Last week, Chinese AI lab DeepSeek unveiled an update to its R1 reasoning model, R1-0528, boasting strong performance across math and coding benchmarks. However, the origins of its training data remain unclear — and increasingly controversial.
According to multiple AI researchers, evidence is mounting that DeepSeek may have trained parts of R1-0528 using output from Google’s Gemini family of models. Melbourne-based developer Sam Paech, known for his work on AI emotional intelligence assessments, shared findings on X suggesting the model favors language and phrasing that closely resembles that of Gemini 2.5 Pro.
If you're wondering why new deepseek r1 sounds a bit different, I think they probably switched from training on synthetic openai to synthetic gemini outputs. pic.twitter.com/Oex9roapNv
While this doesn’t amount to definitive proof, further claims from the pseudonymous developer behind the AI eval tool SpeechMap note that DeepSeek’s “reasoning traces” — the intermediate outputs the model generates when forming conclusions — also resemble those of Gemini models.
This isn’t DeepSeek’s first brush with allegations of questionable data sourcing. Back in December, users noticed DeepSeek’s V3 model occasionally identifying itself as ChatGPT, prompting speculation it may have been trained on OpenAI chat data.
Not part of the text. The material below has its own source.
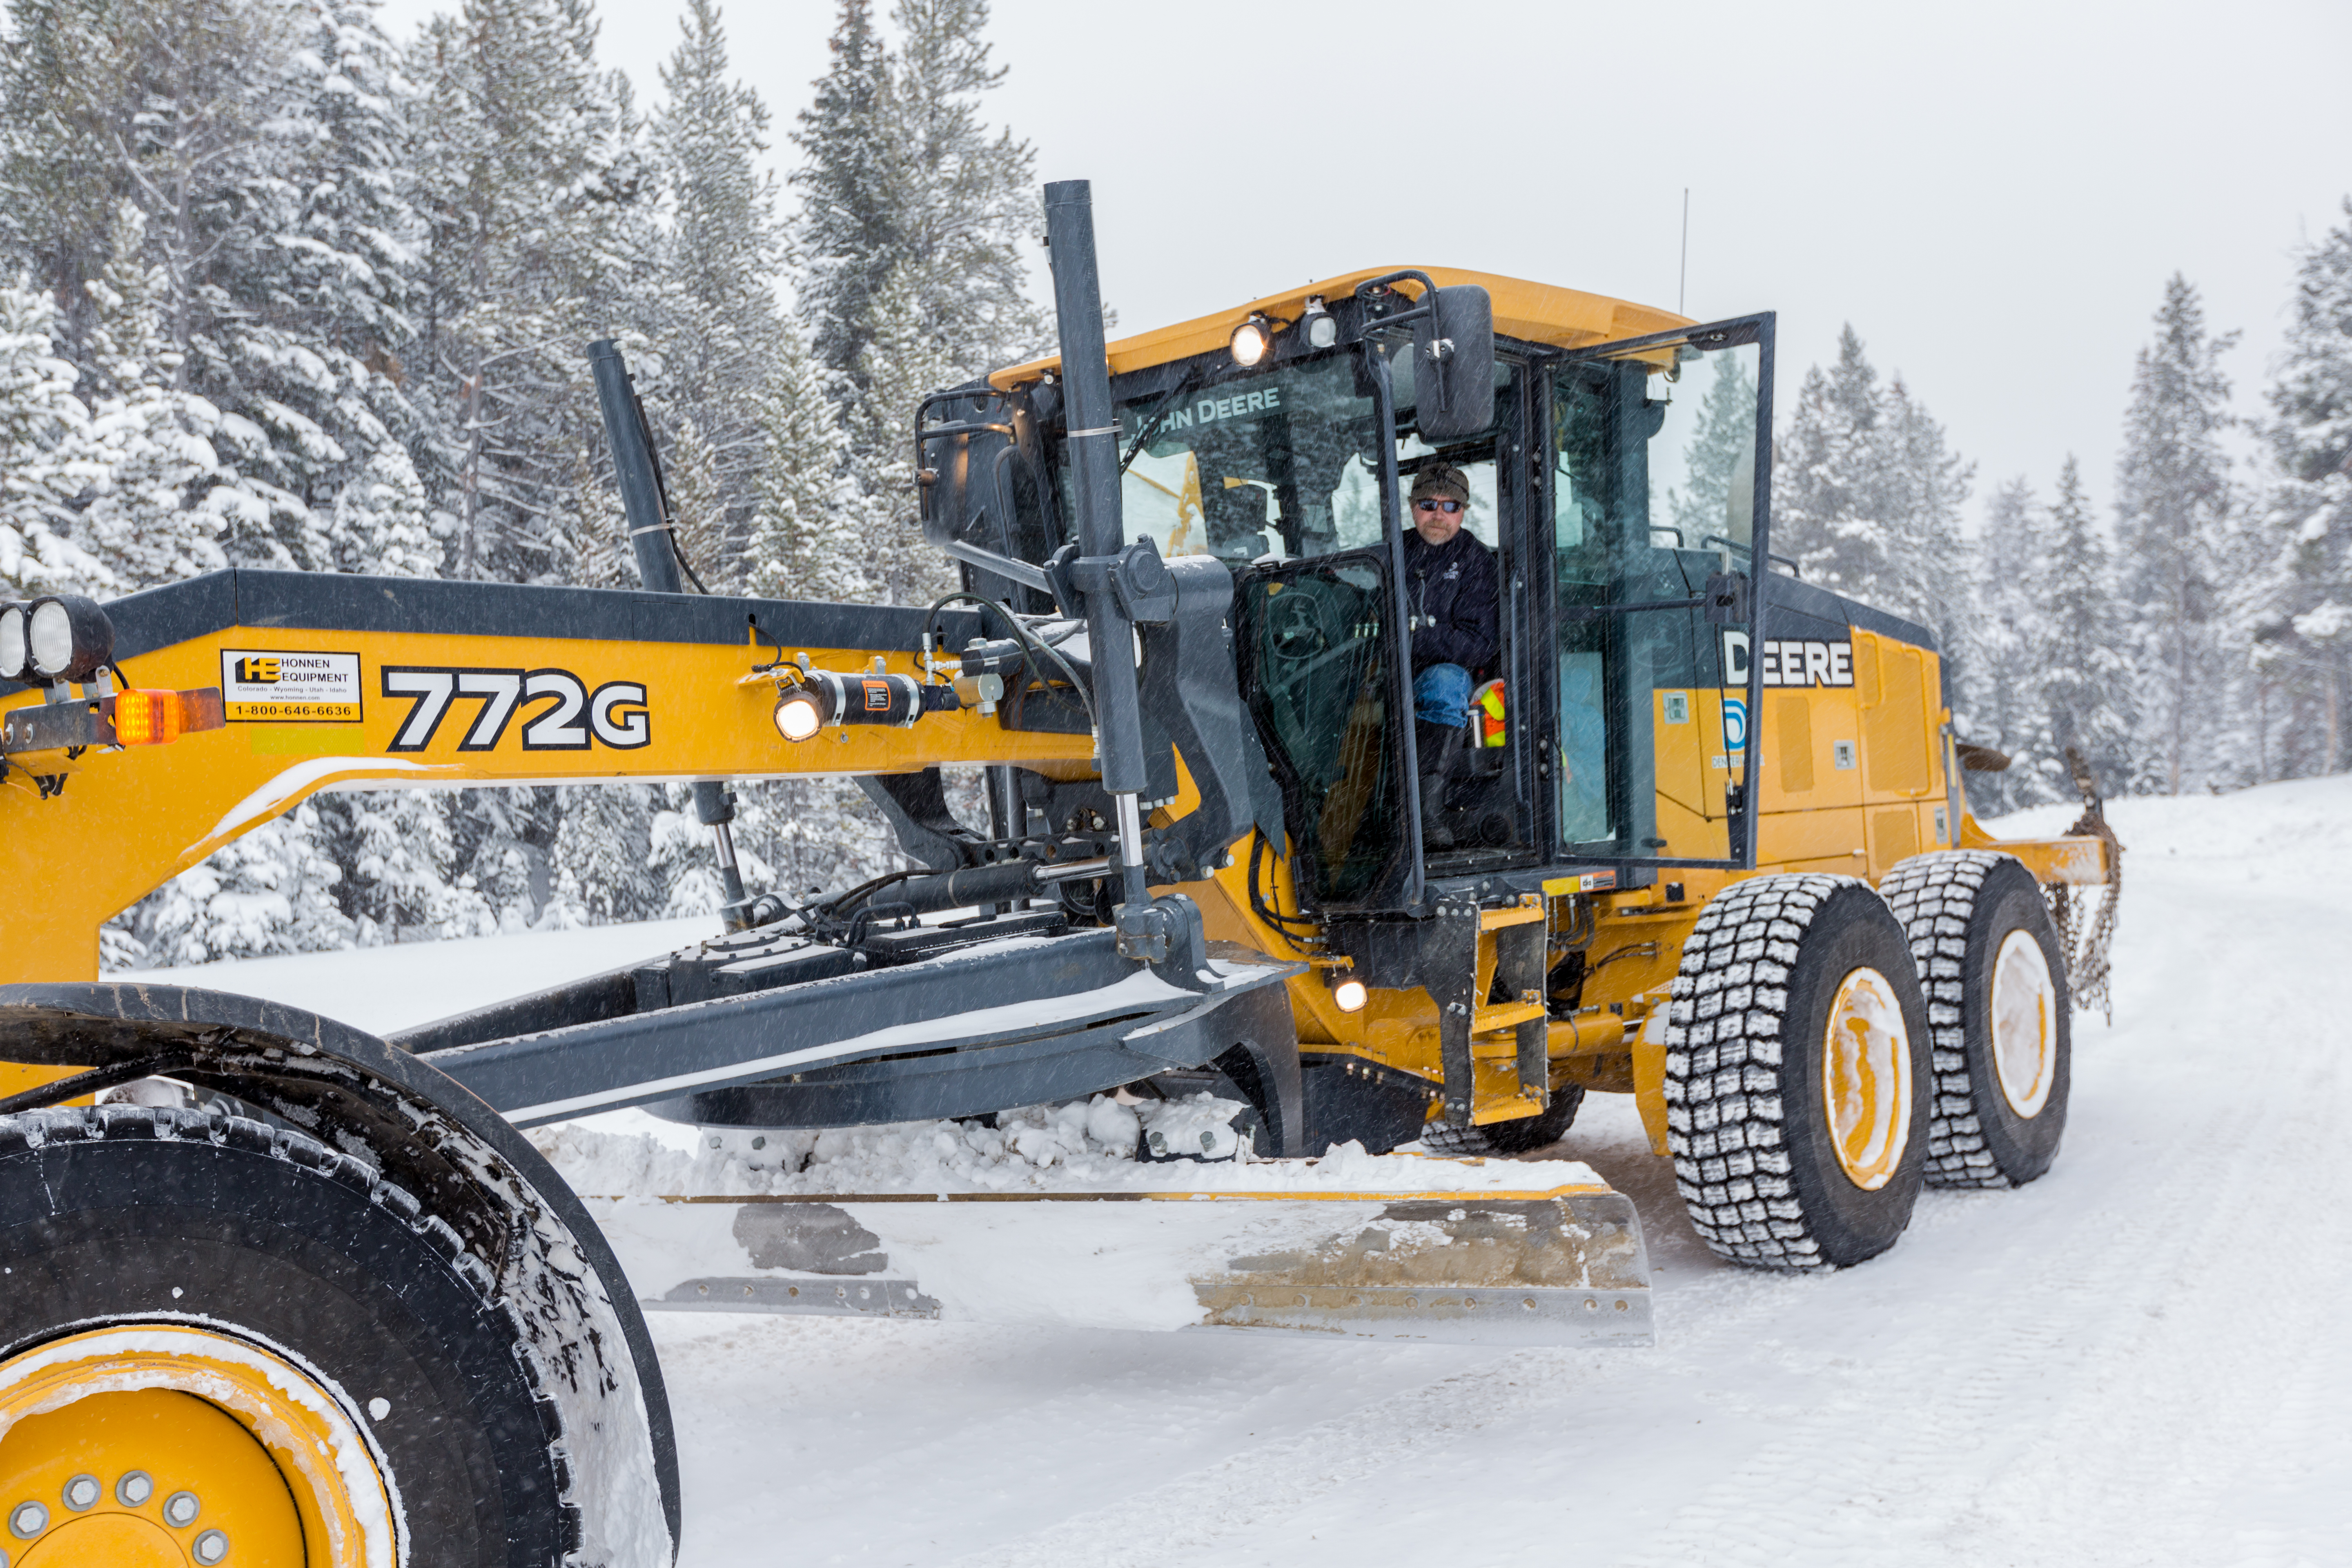 Rod Weimer plowing snow near Winter Park, Colo.

OpenAI later told the Financial Times that it had discovered links between DeepSeek and the use of model distillation — a process where developers train a smaller model using outputs from more powerful ones. In a related incident reported by Bloomberg, Microsoft detected suspicious data exfiltration via OpenAI developer accounts believed to be associated with DeepSeek in late 2024.
While distillation is technically common, OpenAI’s terms prohibit customers from leveraging its model outputs to build rival AI systems.
The broader challenge? The open web is increasingly polluted with AI-generated content — from clickbait articles to bot-spam on platforms like Reddit and X. This contamination makes it difficult to fully filter AI outputs from training datasets, even when companies attempt to follow best practices.
Still, experts like Nathan Lambert, a researcher at the nonprofit AI2, say it’s plausible DeepSeek used outputs from top-tier models like Gemini to generate synthetic training data.
I don’t think it’s existential for their models but makes them a bit better. I’d do the same in their shoes.
In response to the growing threat of model distillation, major AI players are tightening security. OpenAI recently implemented identity verification requirements for access to its advanced models, excluding countries like China. Meanwhile, Google and Anthropic have begun summarizing the traces their models produce, making it harder for competitors to mimic or distill from them.
As of now, DeepSeek has not publicly responded to these latest allegations, and Techxnow has reached out to Google for comment.